In arriving at a diagnosis, the foot and ankle surgeon will examine the foot, press on it, and maneuver it to reproduce the symptoms. The surgeon will also look for potential causes and test the stability of the joint. X-rays are usually ordered, and other imaging studies are sometimes needed.
The best time to treat capsulitis of the second toe is during the early stages, before the toe starts to drift toward the big toe. At that time, non-surgical approaches can be used to stabilize the joint, reduce the symptoms, and address the underlying cause of the condition.
The foot and ankle surgeon may select one or more of the following options for early treatment of capsulitis:
- Rest and ice. Staying off the foot and applying ice packs help reduce the swelling and pain. Apply an ice pack, placing a thin towel between the ice and the skin. Use ice for 20 minutes and then wait at least 40 minutes before icing again.

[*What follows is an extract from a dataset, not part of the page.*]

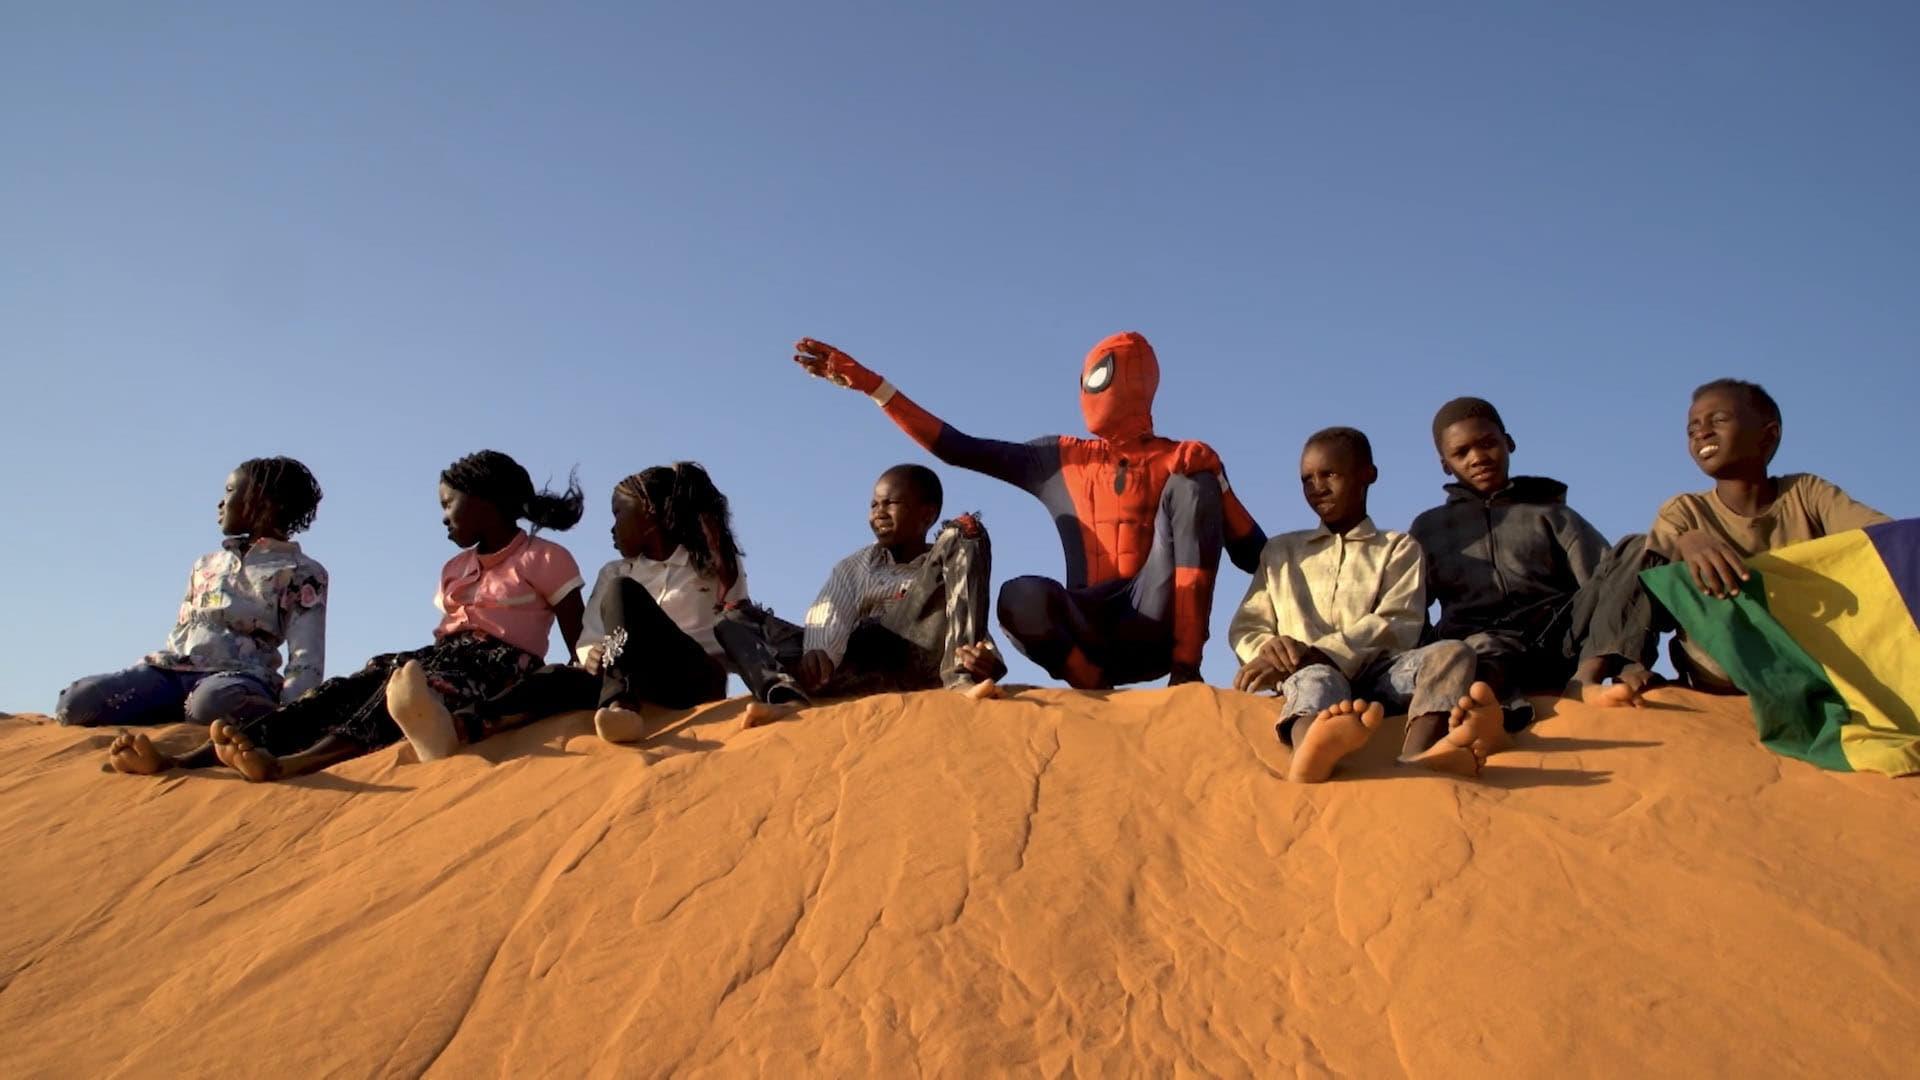 The Spider-Man of Sudan

- Oral medications. Nonsteroidal anti-inflammatory drugs (NSAIDs), such as ibuprofen, may help relieve the pain and inflammation.
- Taping/splinting. It may be necessary to tape the toe so that it will stay in the correct position. This helps relieve the pain and prevent further drifting of the toe.
- Stretching. Stretching exercises may be prescribed for patients who have tight calf muscles.
- Shoe modifications. Supportive shoes with stiff soles are recommended because they control the motion and lessen the amount of pressure on the ball of the foot.
- Orthotic devices. Custom shoe inserts are often very beneficial. These include arch supports or a metatarsal pad that distributes the weight away from the joint.
When is Surgery Needed?
Once the second toe starts moving toward the big toe, it will never go back to its normal position unless surgery is performed. The foot and ankle surgeon will select the procedure or combination of procedures best suited to the individual patient.